Spark reads kafka data stream 07/13 Update SLTechnology News&Howtos

Spark reads kafka data stream

2025-07-13 Update From: SLTechnology News&Howtos shulou NAV: SLTechnology News&Howtos > Internet Technology >

Shulou(Shulou.com)06/03 Report--

Spark provides two ways to read kafka data streams: createDstream and createDirectStream. The differences between the two are as follows: 1. KafkaUtils.createDstream

The constructor is KafkaUtils.createDstream (ssc, [zk], [consumer group id], [per-topic,partitions])

Receivers is used to receive data, using Kafka's high-level consumer api. All data received by receivers will be saved in Spark executors, and then job will be started through Spark Streaming to process the data, which will be lost by default. WAL log can be enabled, which is stored on HDFS.

A. Create a receiver to pull data from kafka regularly. The rdd partition of ssc and the topic partition of kafka are not the same concept, so if increasing the number of specific principal partitions only increases the number of threads consuming topic in a receiver, it does not increase the number of parallel processing data in spark.
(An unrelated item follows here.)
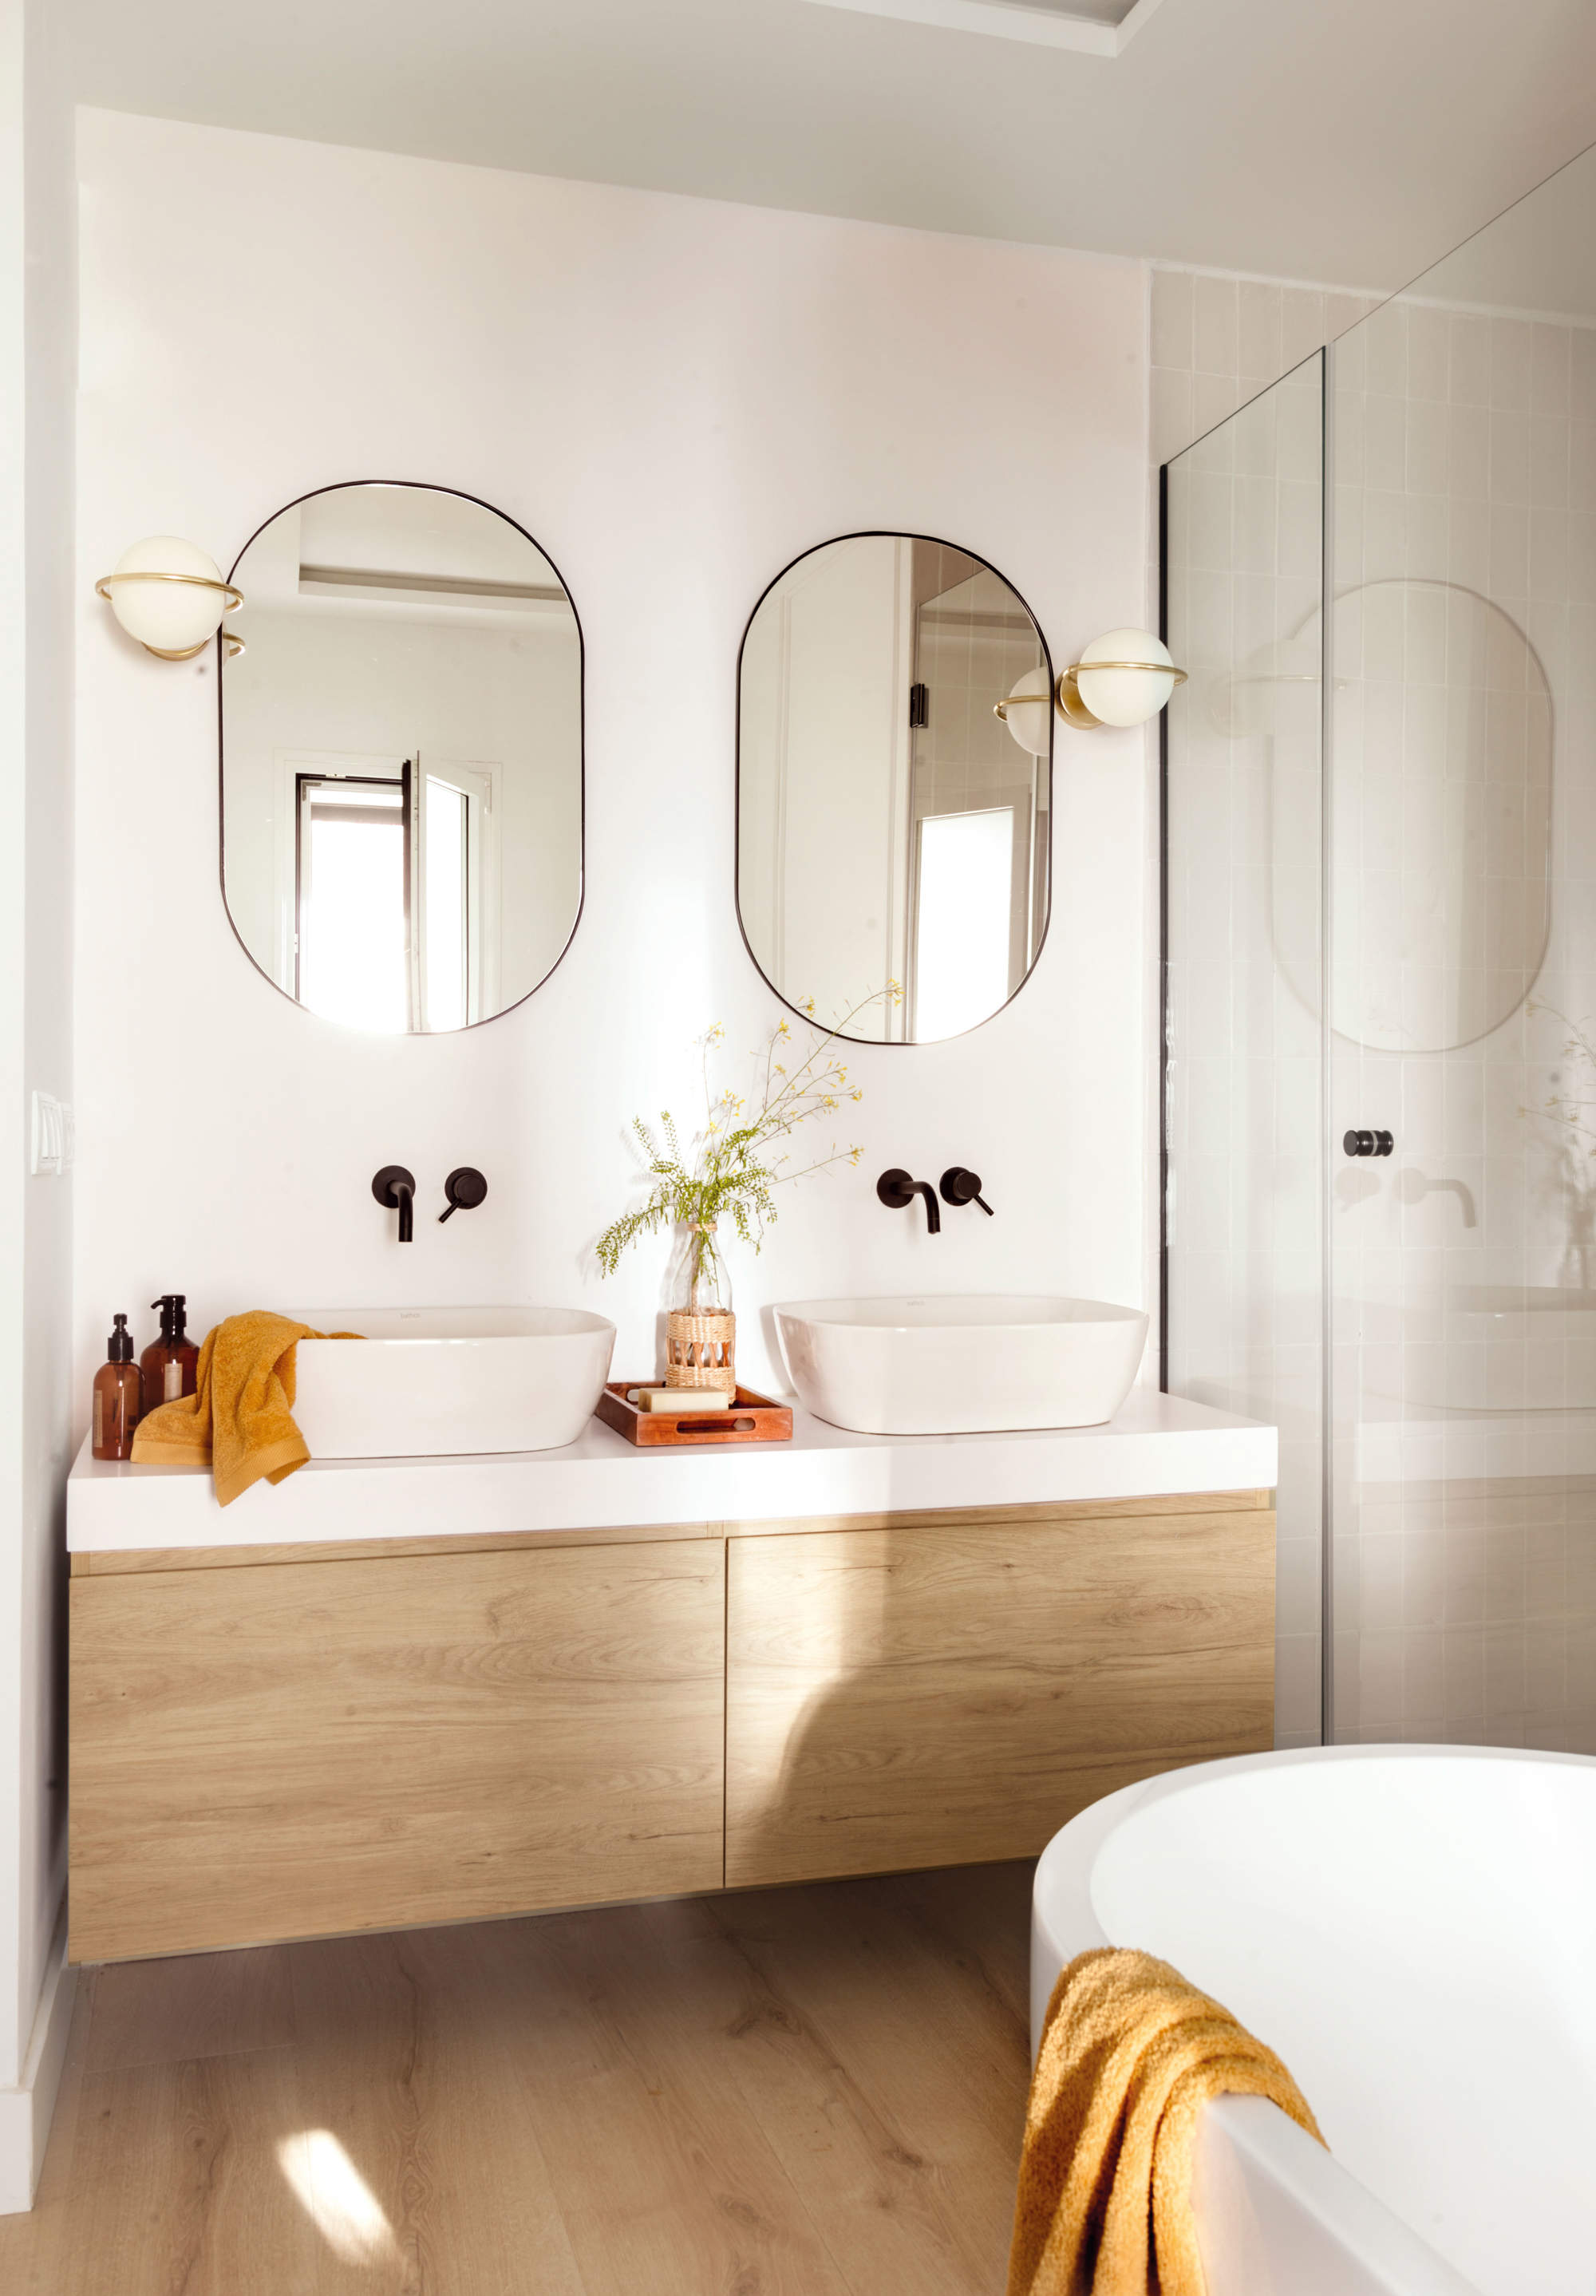 Baño con mueble volado y espejos ovalados.

B. For different group and topic, you can use multiple receivers to create different DStream

C. If WAL is enabled, you need to set the storage level, that is, KafkaUtils.createStream (… ., StorageLevel.MEMORY_AND_DISK_SER)

2.KafkaUtils.createDirectStream

Distinguishes Receiver from receiving data, which periodically queries kafka's topic+partition for the latest offset, and then processes the data in each batch according to the offset range, using kafka's simple consumer api

Advantages:

A, simplify parallelism, do not need multiple kafka input streams, this method will create the same number of rdd as kafka partitions, and will read from kafka in parallel.
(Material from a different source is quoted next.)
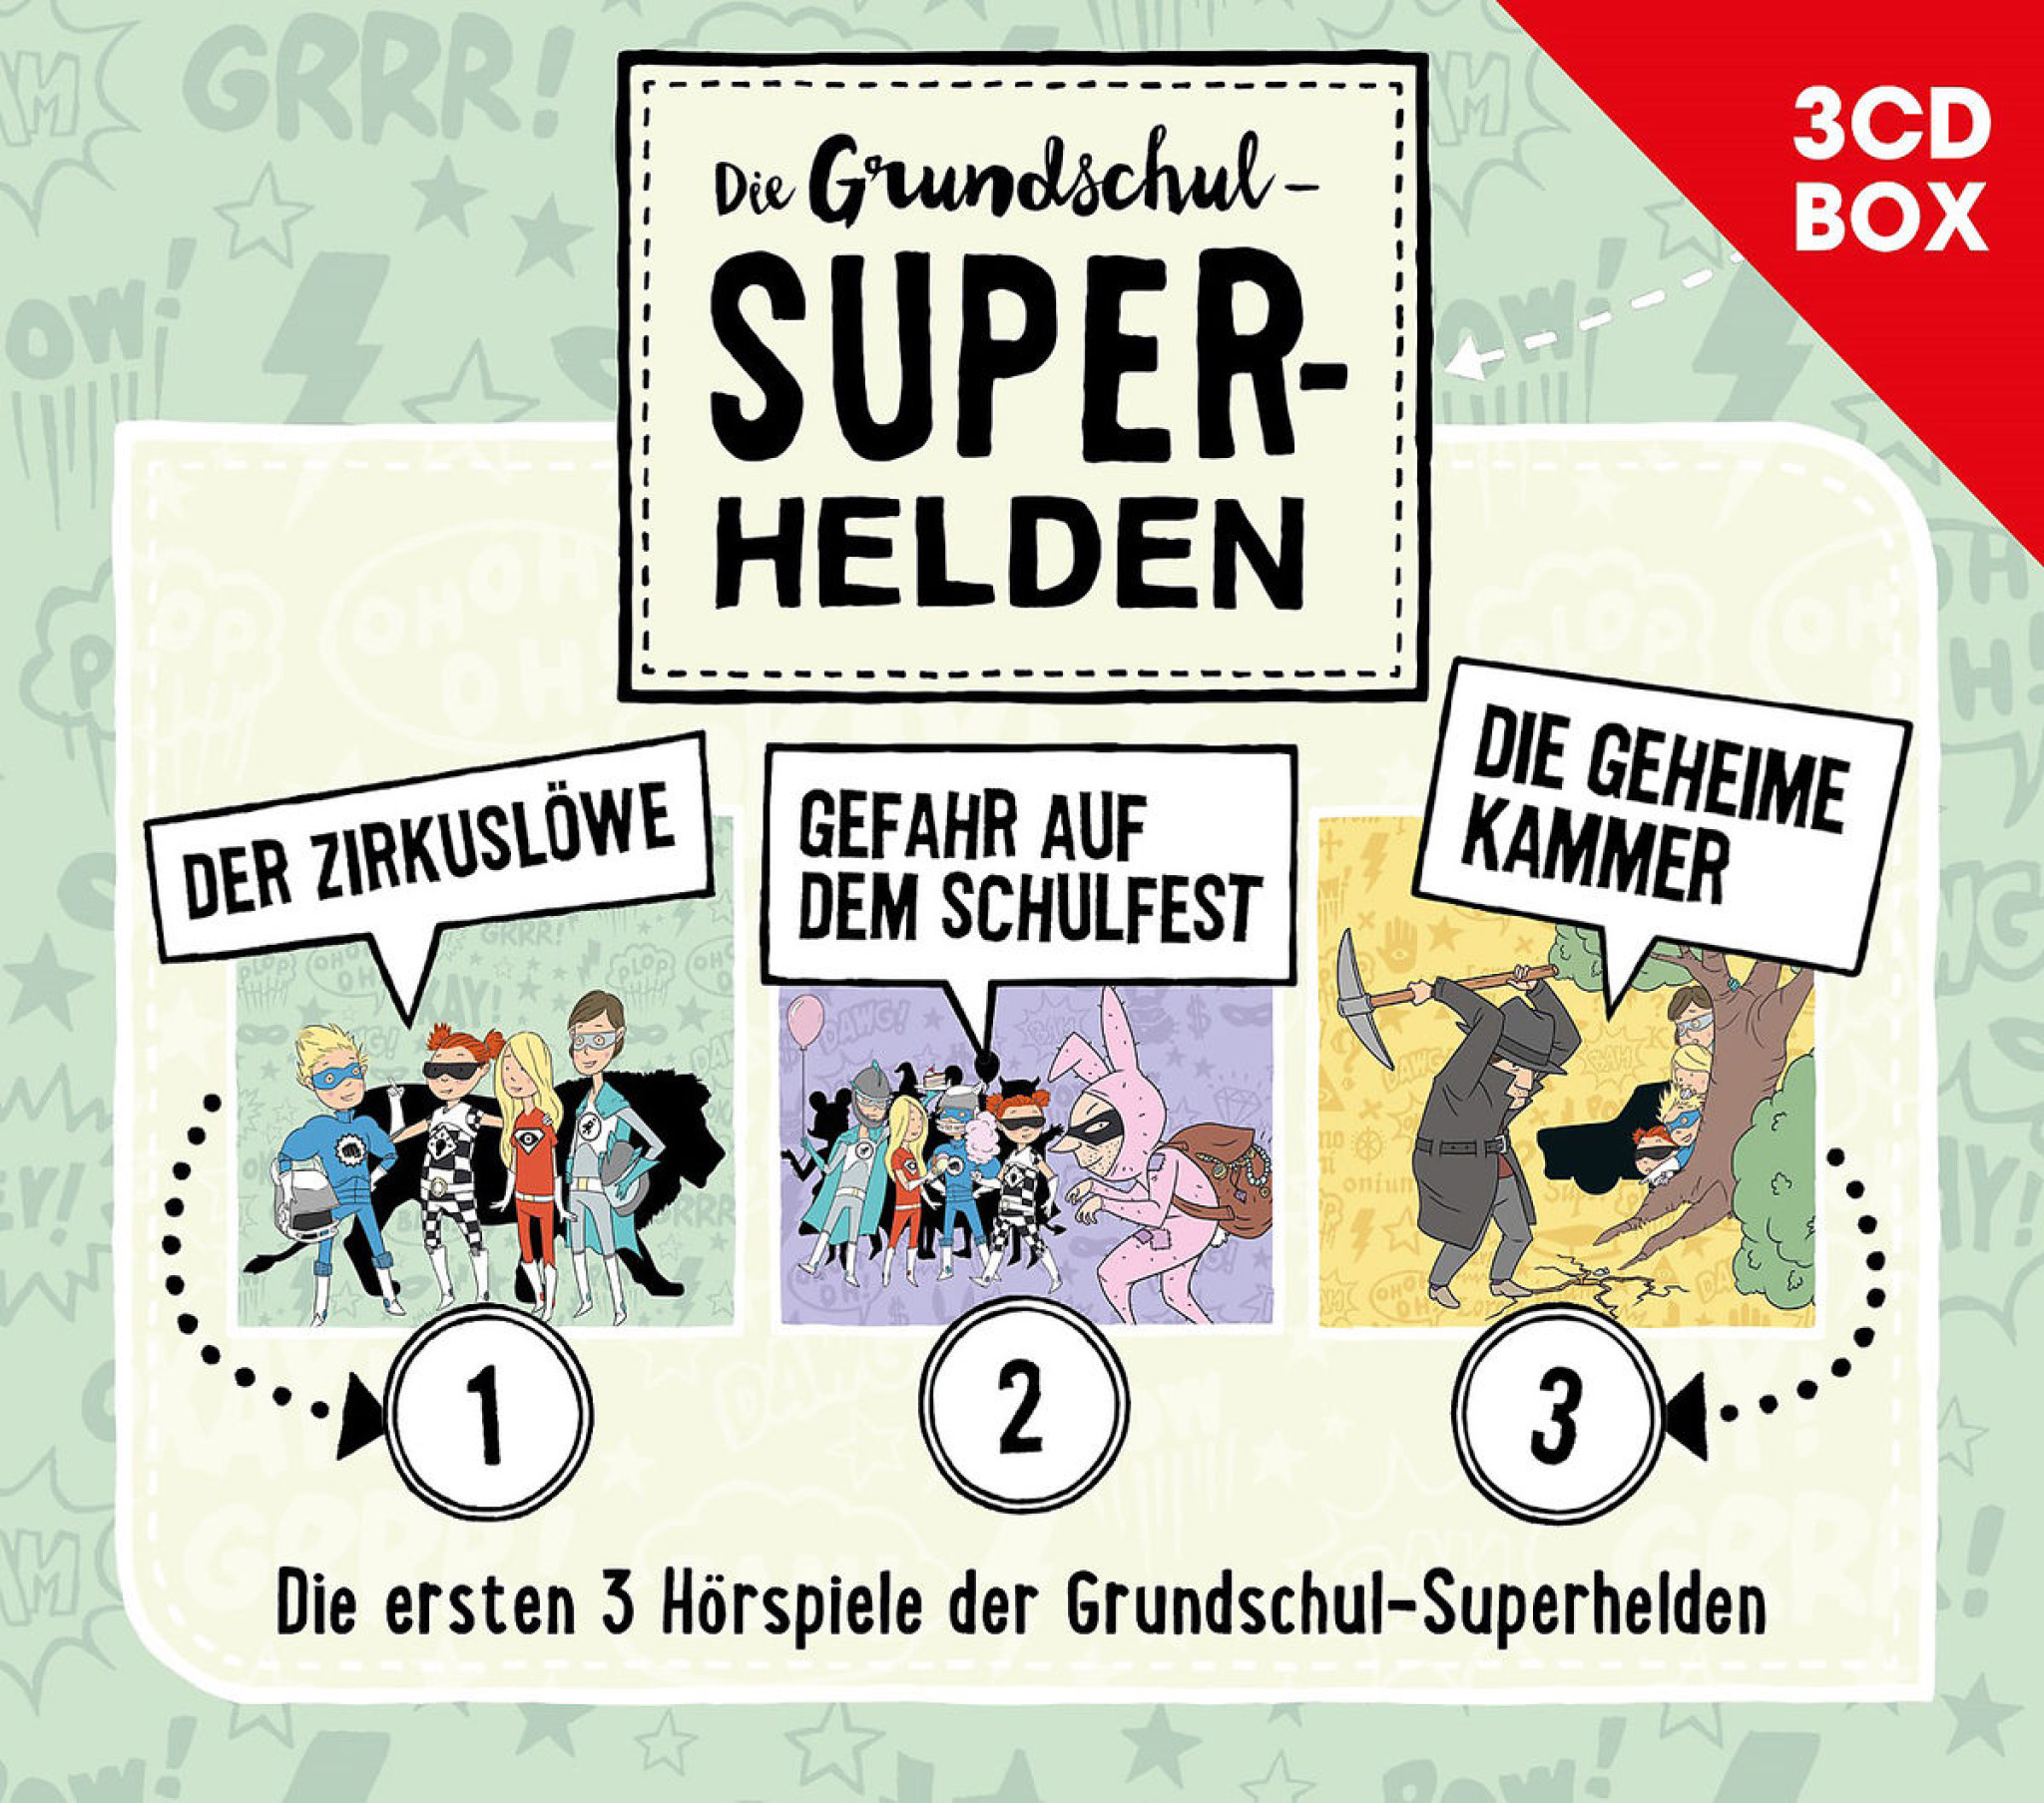 Die Grundschul-Superhelden 3-CD-Box Vol. 1

B, efficient, this method does not require WAL,WAL mode to copy the data twice, the first is copied by kafka, and the other is written to wal

C, just one-time semantics (Exactly-once-semantics), the traditional way to read kafka data is to write the offset into zookeeper through kafka high-level api. The possibility of data loss is that the offset in zookeeper is inconsistent with that of ssc. EOS implements kafka low-level api, and the offset is only stored in checkpoint by ssc, which eliminates the problem of inconsistency between zk and ssc offsets. The disadvantage is that the kafka monitoring tool based on zookeeper cannot be used.

Public void adclick () {

SparkConf conf = new SparkConf ()

.setAppName ("")

.setMaster ("")

JavaStreamingContext jssc = new JavaStreamingContext (conf,Durations.seconds (10))

Jssc.checkpoint ("")

Map kafkaParams = new HashMap ()

KafkaParams.put ("metadata.broker.list", ConfigurationManager.getProperty ("metadata.broker.list"))
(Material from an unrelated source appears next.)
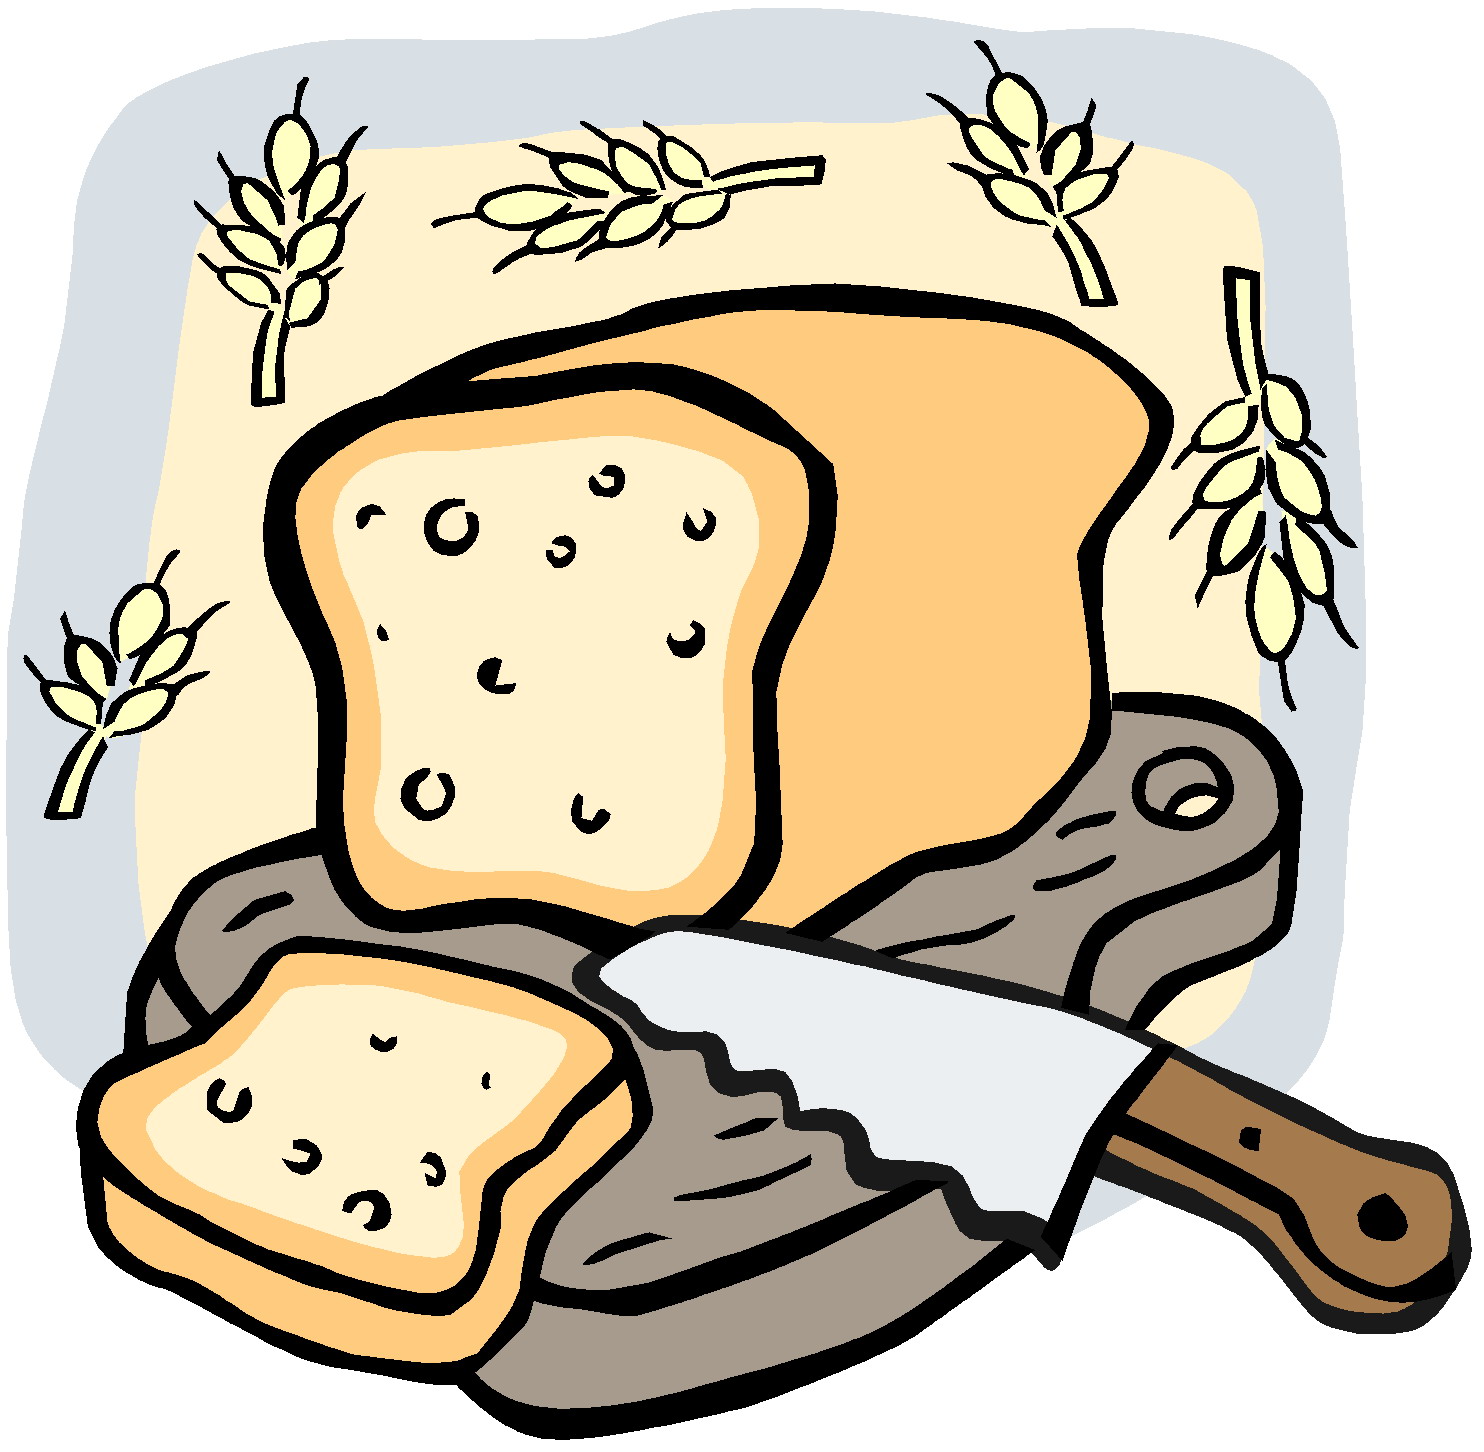 Loaf bread cartoon.

String kafkaTopics = ConfigurationManager.getProperty ("kafkaTopics")

String [] kafkaTopicsSplits = kafkaTopics.split (",")

Set tops = new HashSet ()

For (String xx:kafkaTopicsSplits) {

Tops.add (xx)

}

JavaPairInputDStream adRealTimeDStream = KafkaUtils.

CreateDirectStream (

Jssc

String.class

StringDecoder.class

KafkaParams

Tops)

Jssc.start ()

Jssc.awaitTermination ()

Jssc.close ()

}

Welcome to subscribe "Shulou Technology Information " to get latest news, interesting things and hot topics in the IT industry, and controls the hottest and latest Internet news, technology news and IT industry trends.

*The comments in the above article only represent the author's personal views and do not represent the views and positions of this website. If you have more insights, please feel free to contribute and share.